> _Task item_:
Reproduce, exactly and only, the lines of the data that follows from the one containing "保持桌面整潔的升降桌配件-遮線蓋板、理線架與延長線" down to the one containing "Daikin Emura 3", without pictures.

> _Exercise inputs_:

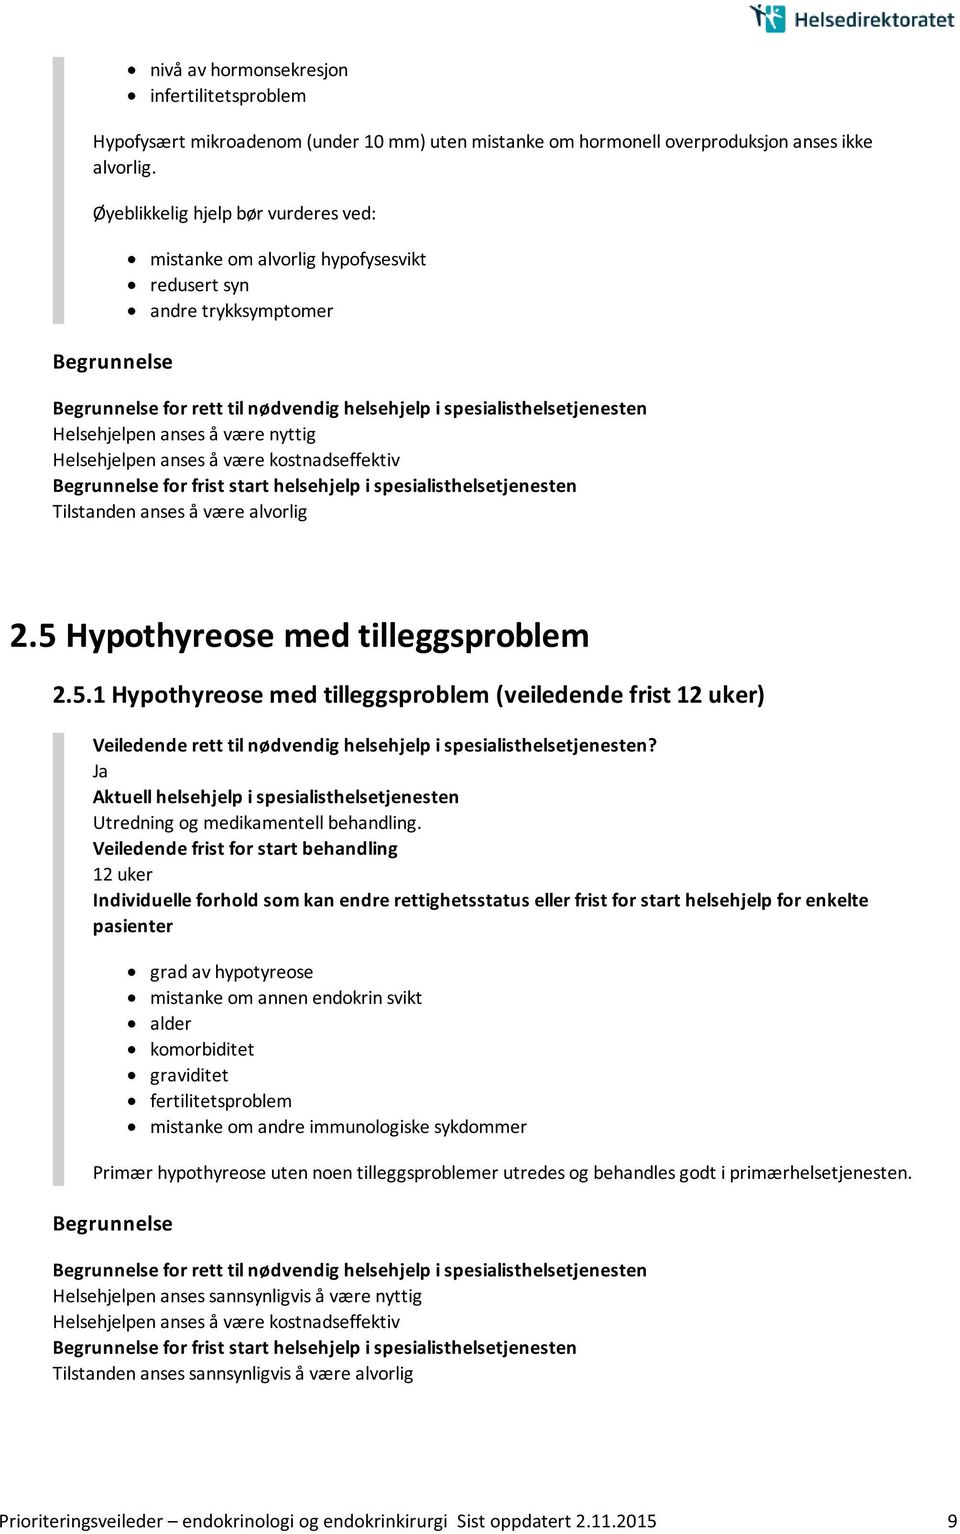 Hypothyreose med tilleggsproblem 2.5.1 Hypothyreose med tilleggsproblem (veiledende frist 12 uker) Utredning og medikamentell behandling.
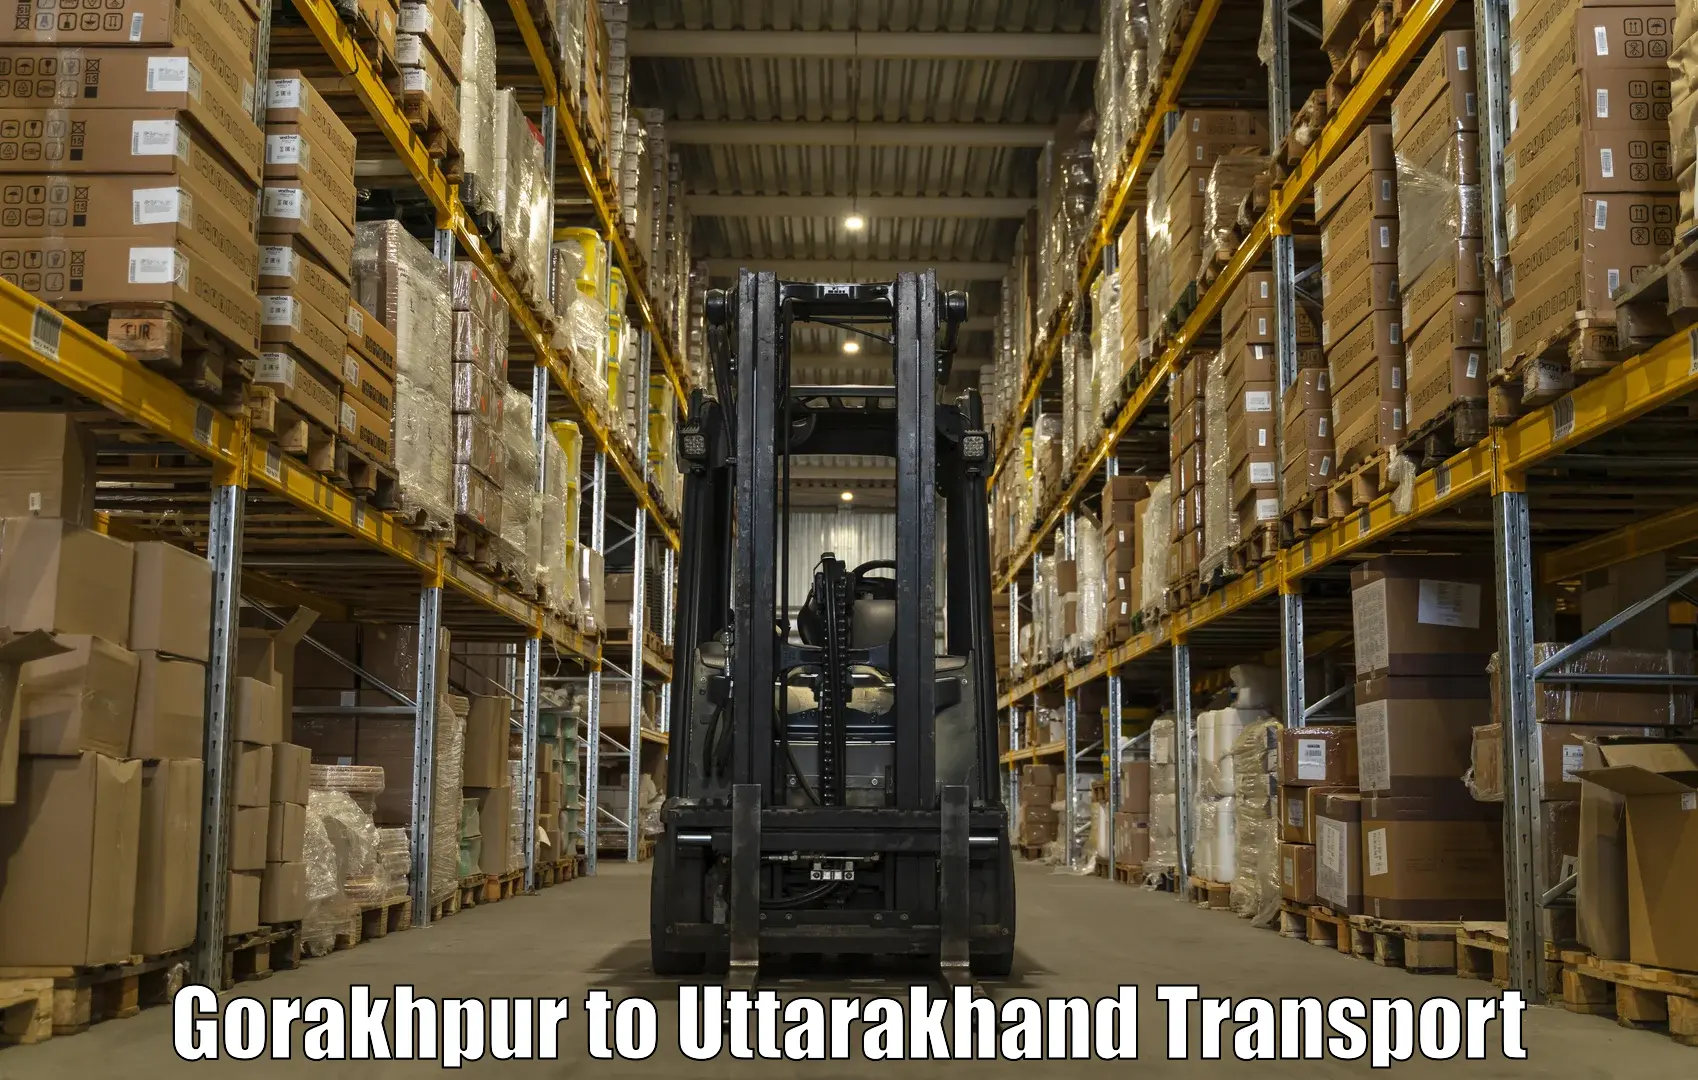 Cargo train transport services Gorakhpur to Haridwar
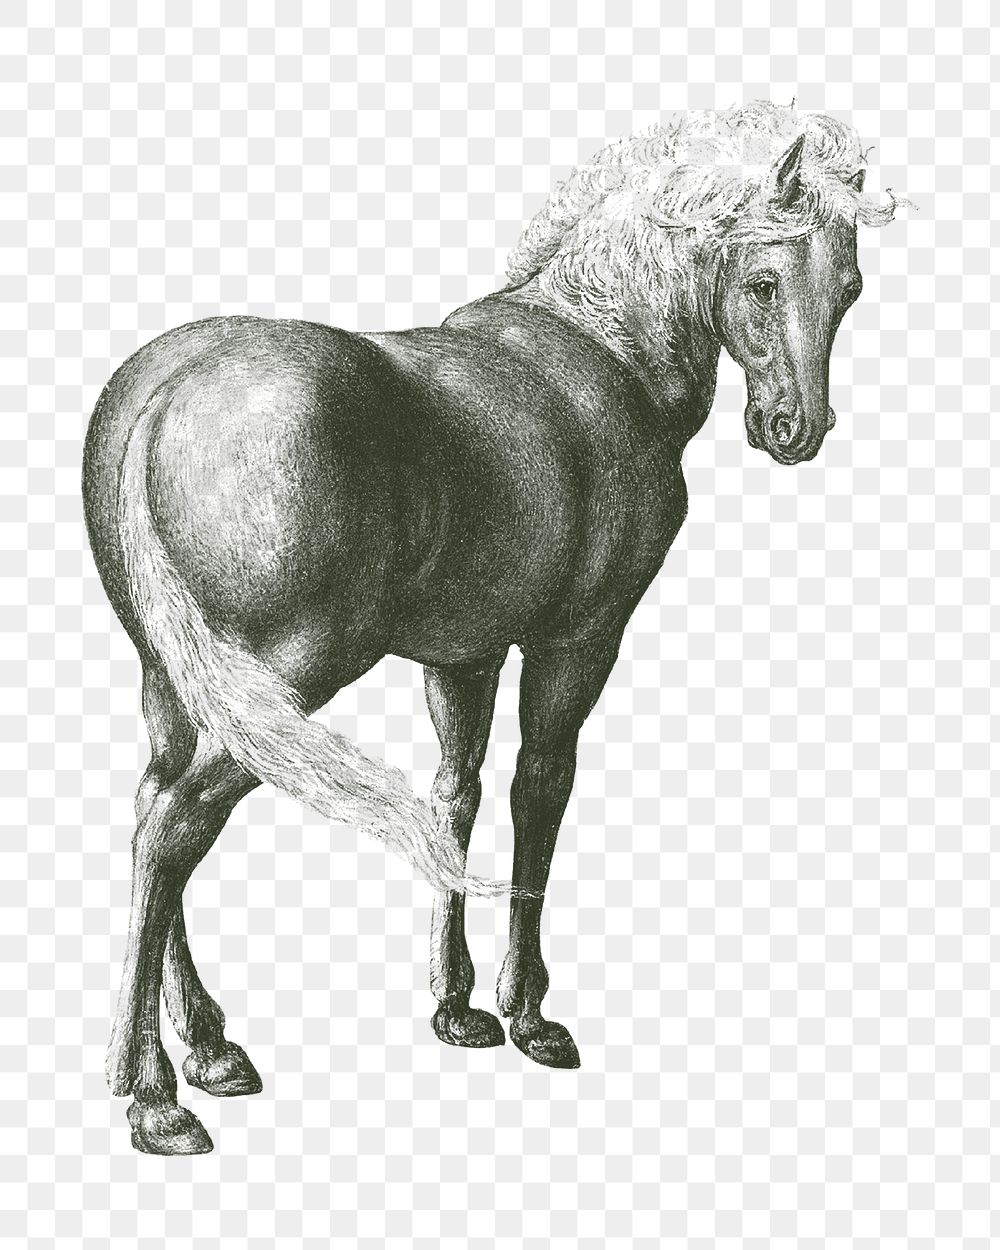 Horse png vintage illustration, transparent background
* * *
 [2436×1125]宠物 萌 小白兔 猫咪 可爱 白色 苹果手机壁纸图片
--
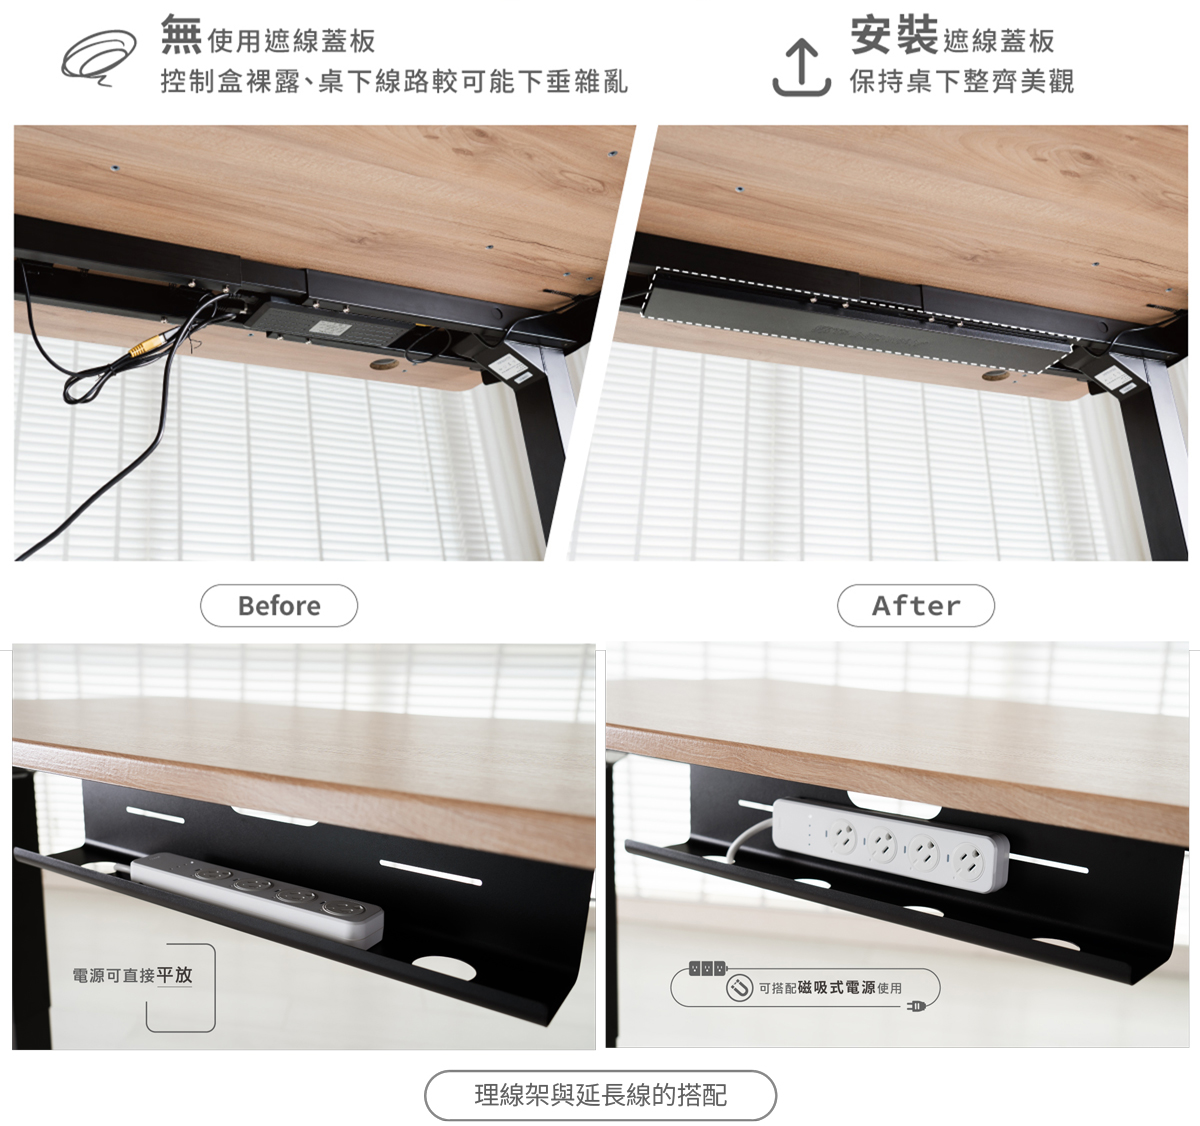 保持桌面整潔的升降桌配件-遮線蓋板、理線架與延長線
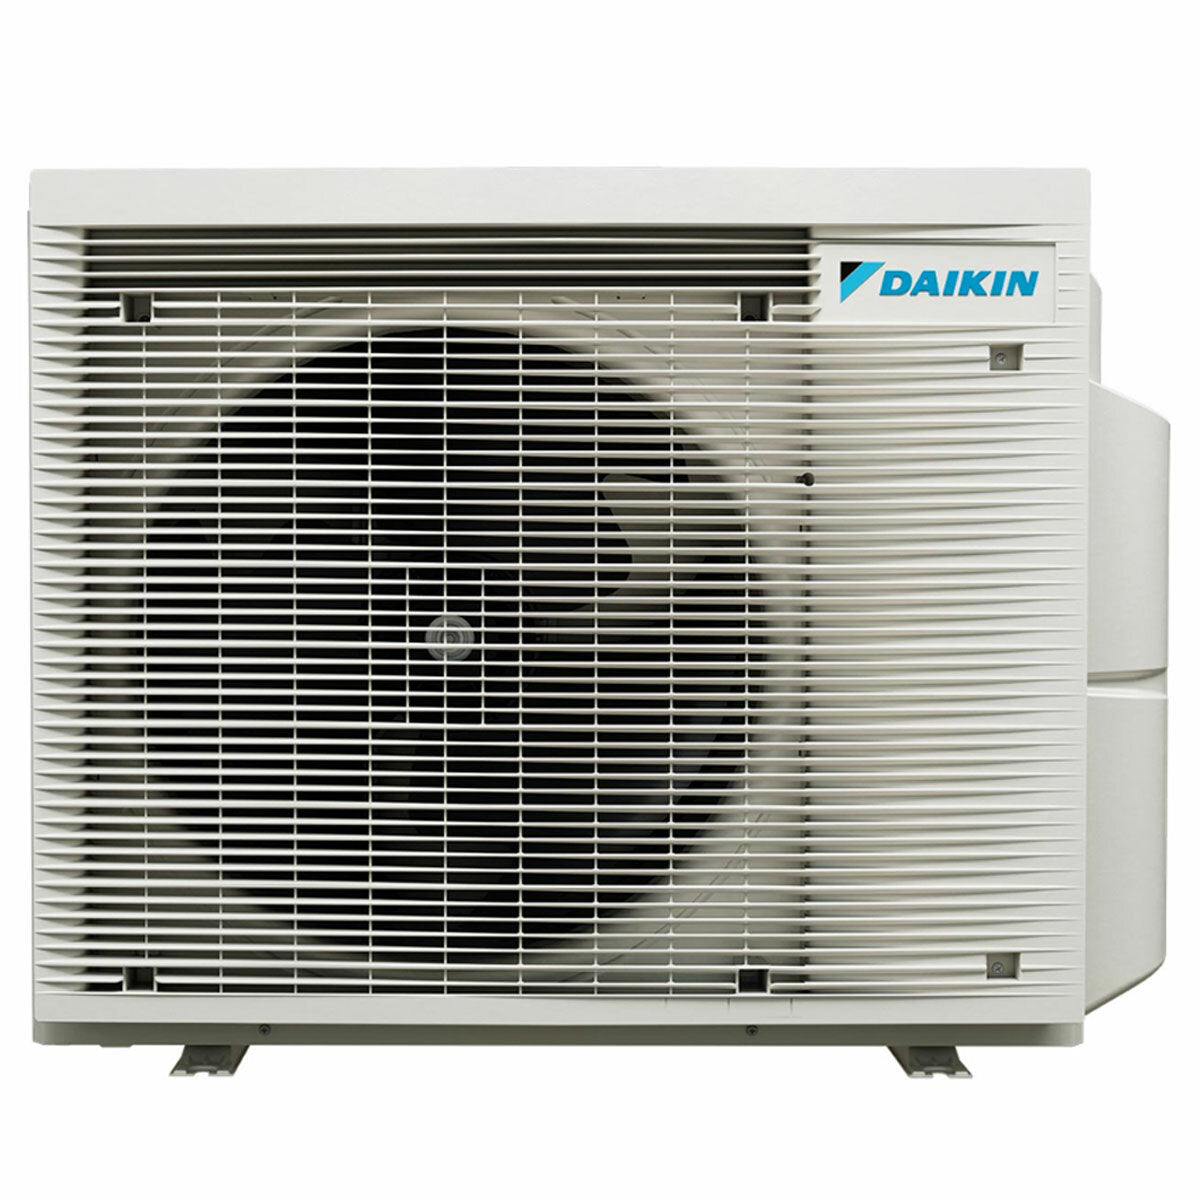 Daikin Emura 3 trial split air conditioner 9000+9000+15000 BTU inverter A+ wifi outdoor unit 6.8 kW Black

> _Task solution_:
 保持桌面整潔的升降桌配件-遮線蓋板、理線架與延長線
 Daikin Emura 3 trial split air conditioner 9000+9000+15000 BTU inverter A+ wifi outdoor unit 6.8 kW Black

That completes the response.